In this program, specific codes are going to be sent back and forth. Based on the received code, the device will undertake some action. The same state machine concept will be used on the ARM and on the PRU.
The code sequence will consist of “af” followed by a command byte (‘S’ for start, ‘P’ for stop, ‘D’ for send data, ‘s’ for start ack, ‘p’ for stop ack, ‘d’ for data). The next byte will be an unsigned character (N) telling how many bytes will follow . Then, the next N bytes will be the data.
The goal of using “human readable characters” in this protocol is to allow the “cat” and “echo” linux functions to be used to talk to the PRU. Upper case characters will be used as the command and the corresponding lower case character will be the acknowledgement. In the table, the escape sequence will be used to denote numerical values.
So, if you type echo “afS\0” the interface will send the ascii codes for ‘a’, ‘f’, ‘S’, and the numerical value 0 to the PRU. This will convey to the PRU the start command followed by 0 bytes.
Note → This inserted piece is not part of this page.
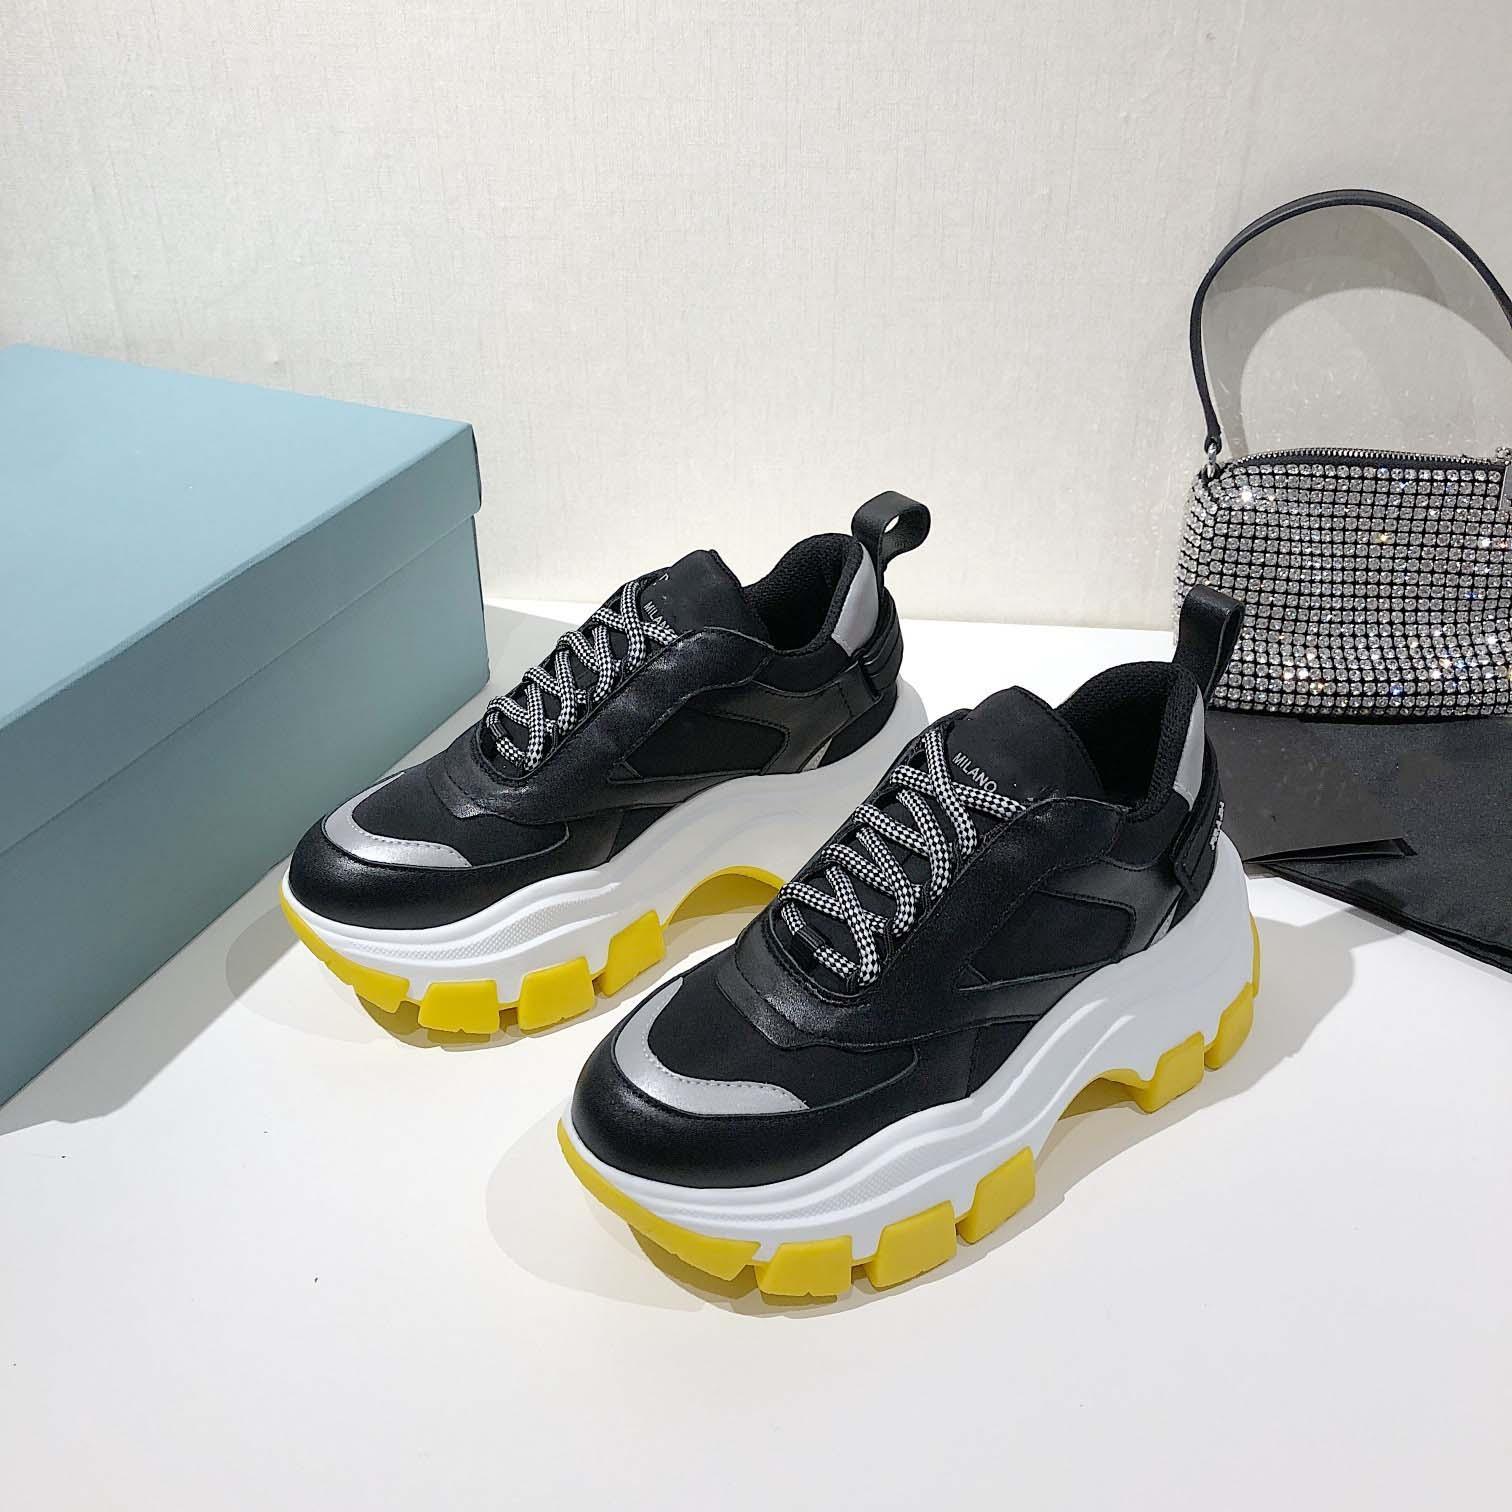 PRADA shoes Perfect Rock Runner Camuflagem Couro Tênis Sapatos Homens, Mulheres Moda Lusso Estilo Rock Studs Outdoor CAMUSTARS Sapatilhas Sapatos casuais

For the send error command, the string would be “afE\0” and the response would be “afe\1x” where the ‘\1’ character tells the interface that 1 byte is coming and x would be that byte.
For the send data command, the string would be “afD\1\x” where \1 tells the interface that 1 byte is coming and \x would be the byte (x = 0…255).
For example, “afD\1\c” would start the transfer of 12 bytes (0xc in hexadecimal) of data and “afd\12xxxxxxxxxxxx would represent 12 bytes of data. This data could be in the format of bytes (12), integers (6), or floating point numbers (3). It’s up to the programmer to decide what the data means.
|S||s||Start the PRU|
|P||p||Stop the PRU|
|E||e\1\x||Error, where x is a one byte error code|
|D\1\N||d\Nxx…x||Send N bytes of data (xx…x)|
|F\Nxx…x||f\Nxx…x||ARM sends a N byte file (xx…x) which the PRU will echo back|
|C\5\aaaa\n||c\Nxx…x||ARM asks PRU to read \n bytes from register with 32 bit address \aaaa. PRU responds with the \n bytes starting at \aaaa.|
|M||m||transmit, not yet implemented
This feature might be useful if it is desired to hold data transmission until data is ready. Right now, D conveys how much data is desired and also initiates the data transfer.
|N||n||do nothing, not yet implemented|
|I||i||initialize, not yet implemented|
|R||r||run experiment, not yet implemented
In the original CASSY, a specific experiment would be set up and this command would run the experiment (for instance, collect T seconds of data and then stop).
|T||t||Experiment time in seconds, not yet implemented|
|X||x||Data variable index, not yet implemented
There are many control variables (for instance, error signal, accelerometer, left wheel rotation). This will set the nth transmission variable will be the xth control variable. This is useful for communicating details of a desired data stream.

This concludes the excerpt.